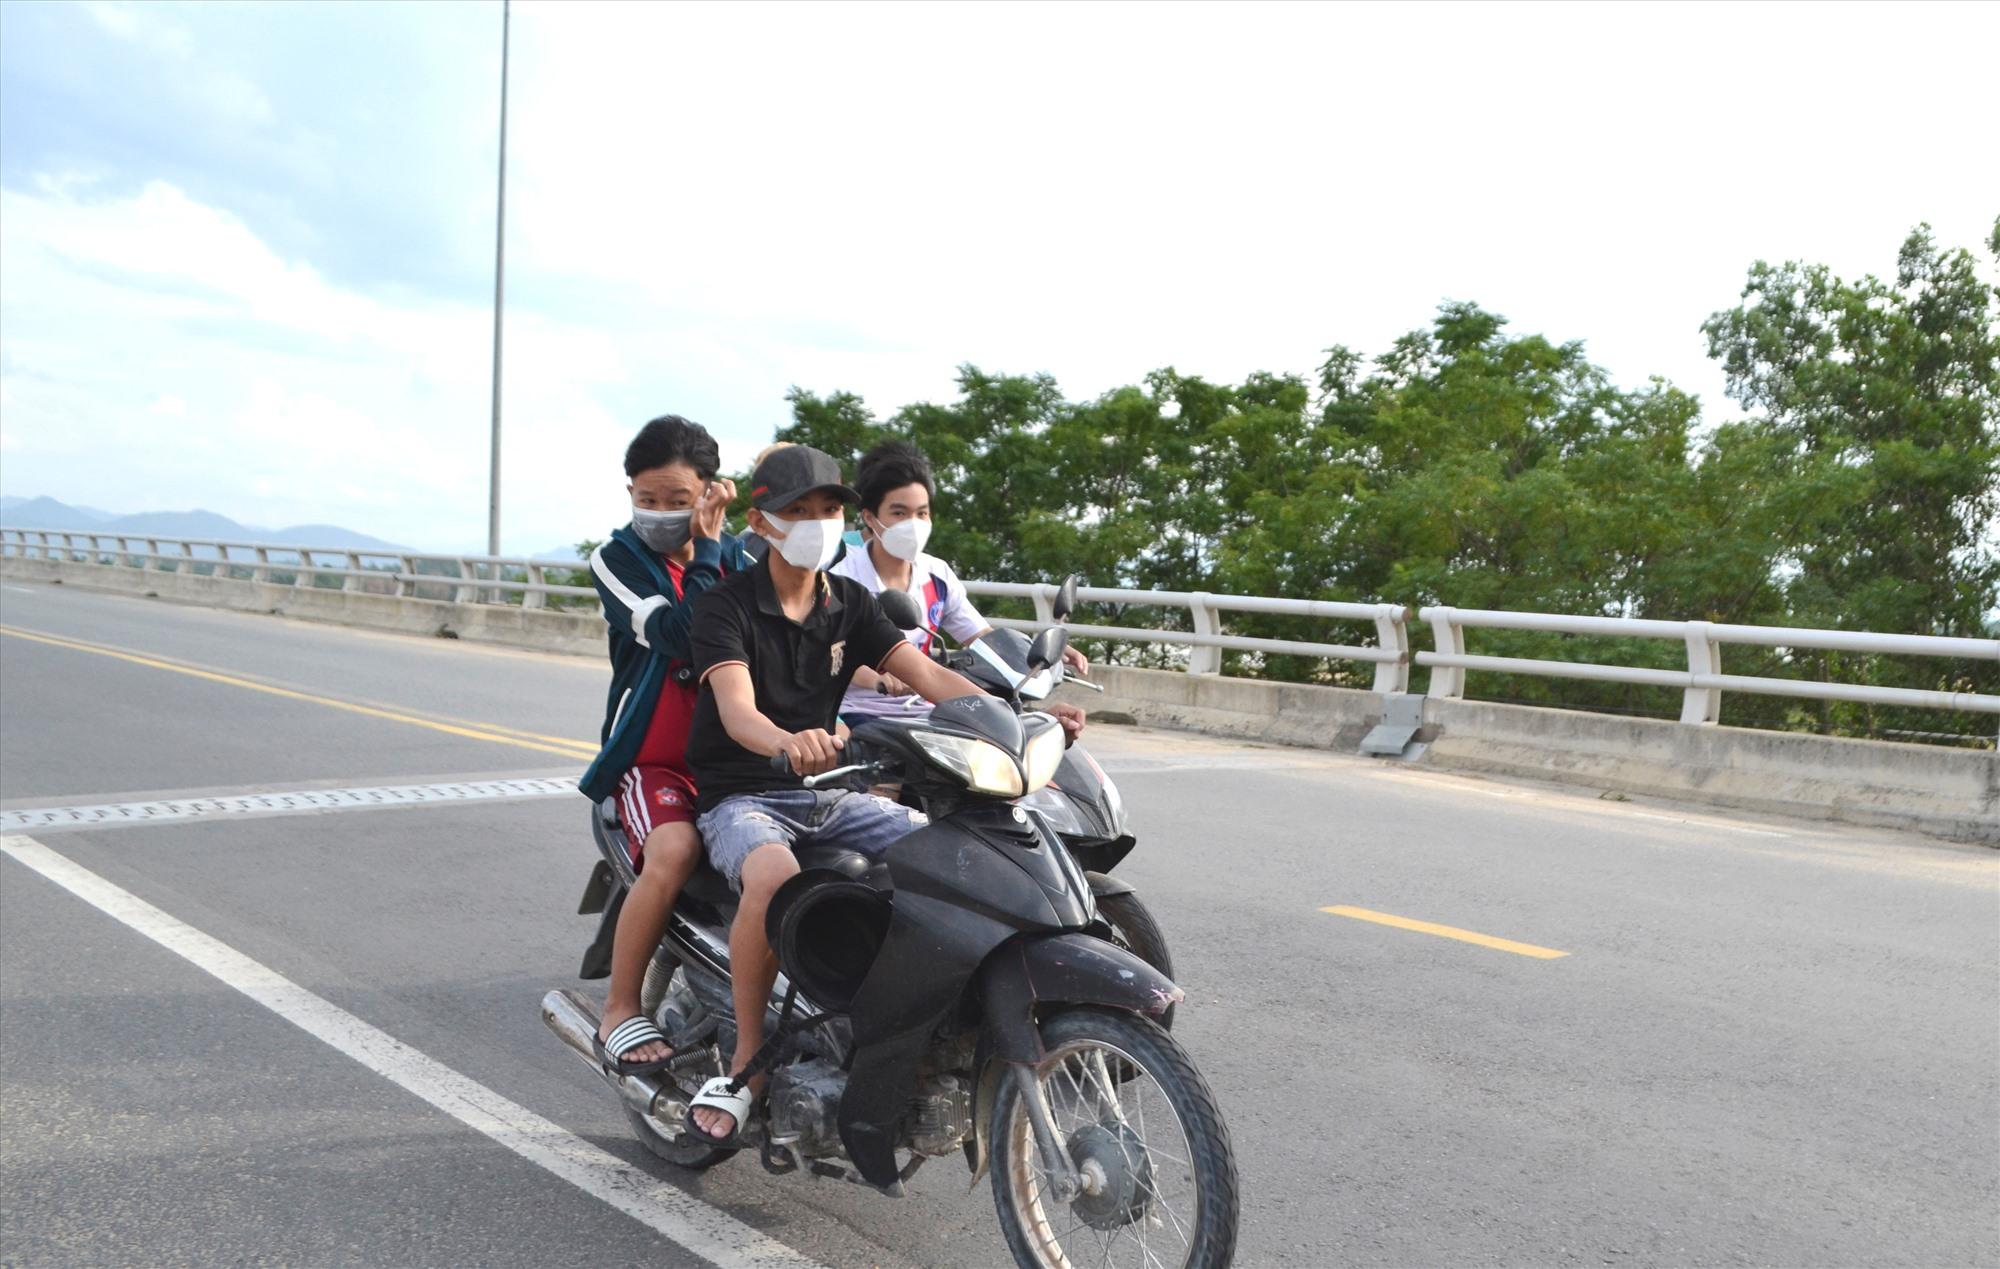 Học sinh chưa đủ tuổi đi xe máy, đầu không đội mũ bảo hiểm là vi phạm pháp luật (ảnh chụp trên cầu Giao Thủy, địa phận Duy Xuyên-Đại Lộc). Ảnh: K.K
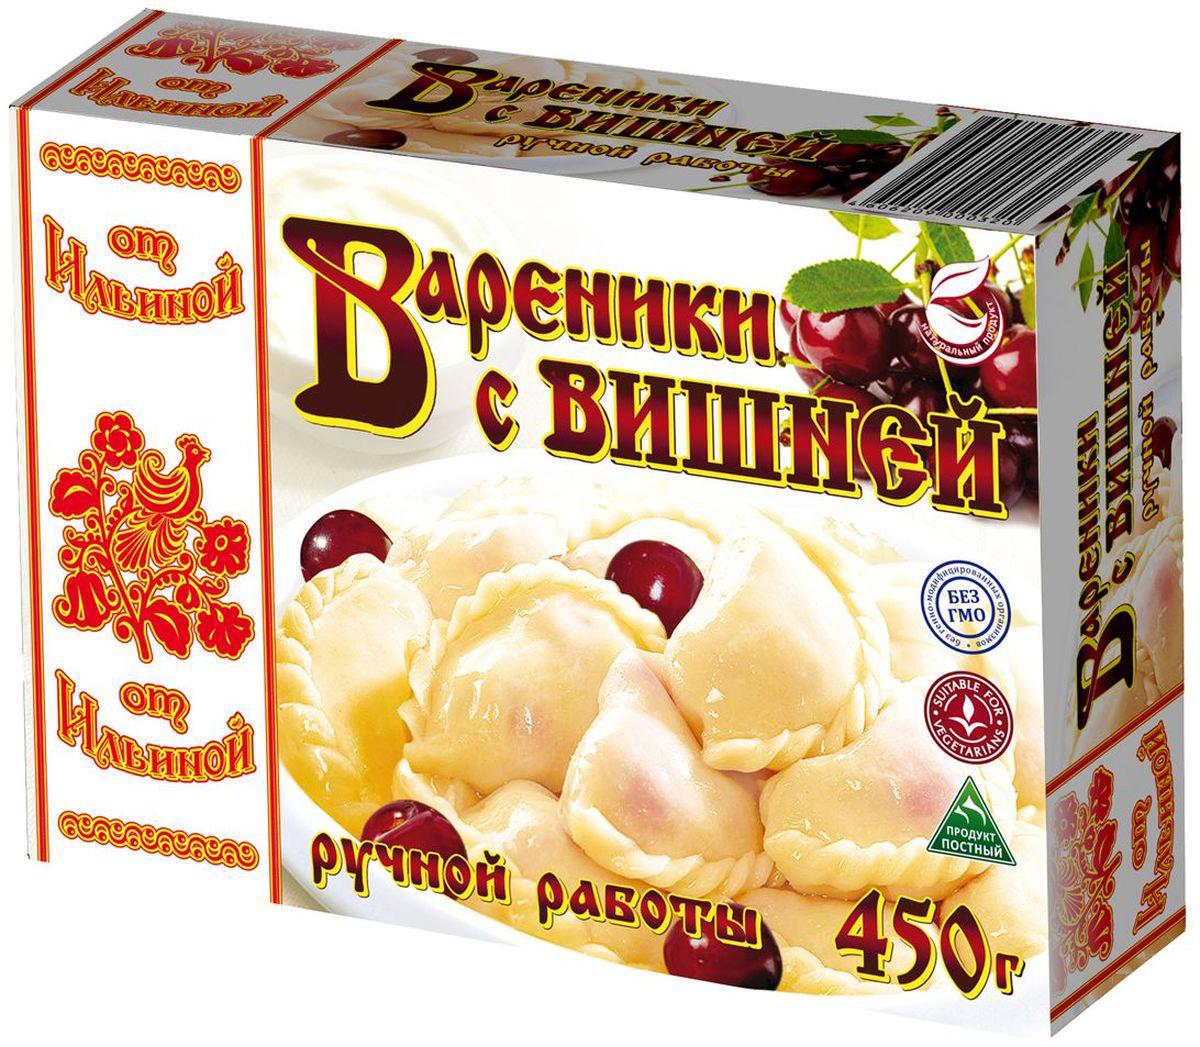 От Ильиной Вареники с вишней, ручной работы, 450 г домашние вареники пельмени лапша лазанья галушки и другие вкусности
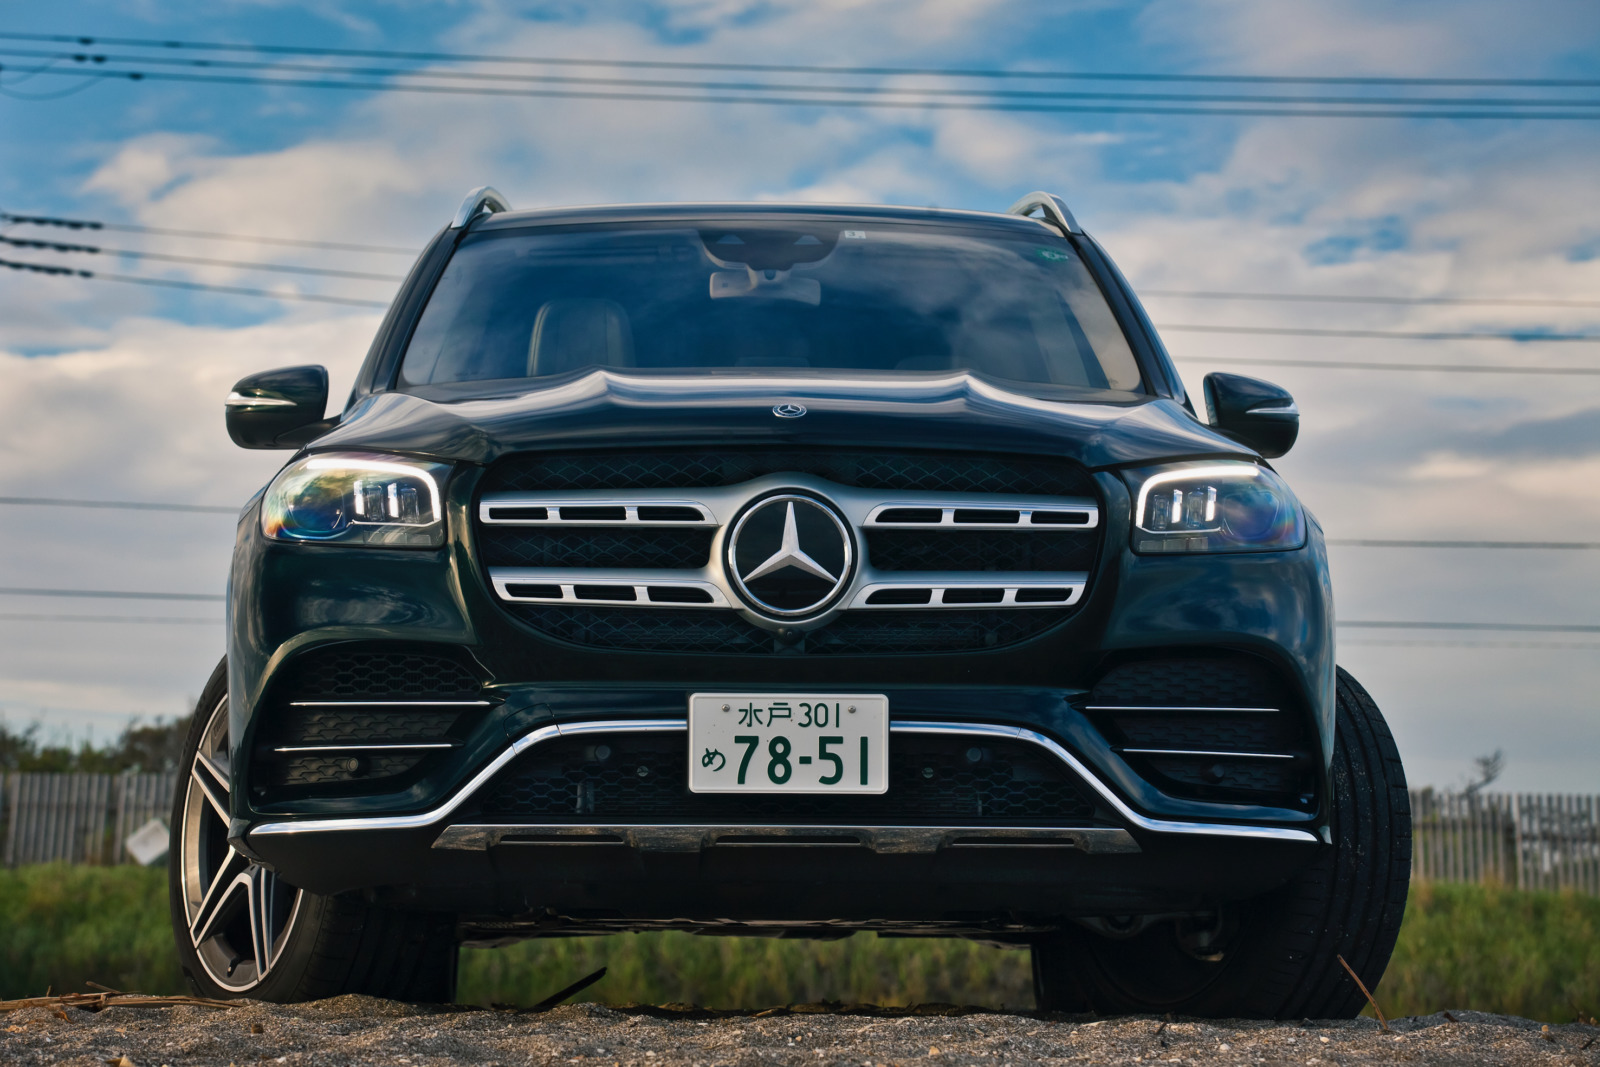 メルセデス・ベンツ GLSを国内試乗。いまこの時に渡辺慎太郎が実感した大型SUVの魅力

────

- **Your objective**: An exact retyping of the material, minus the pictures, is the required answer.

- **Solution for this task**:
 Học sinh chưa đủ tuổi đi xe máy, đầu không đội mũ bảo hiểm là vi phạm pháp luật (ảnh chụp trên cầu Giao Thủy, địa phận Duy Xuyên-Đại Lộc). Ảnh: K.K
 От Ильиной Вареники с вишней, ручной работы, 450 г домашние вареники пельмени лапша лазанья галушки и другие вкусности
 メルセデス・ベンツ GLSを国内試乗。いまこの時に渡辺慎太郎が実感した大型SUVの魅力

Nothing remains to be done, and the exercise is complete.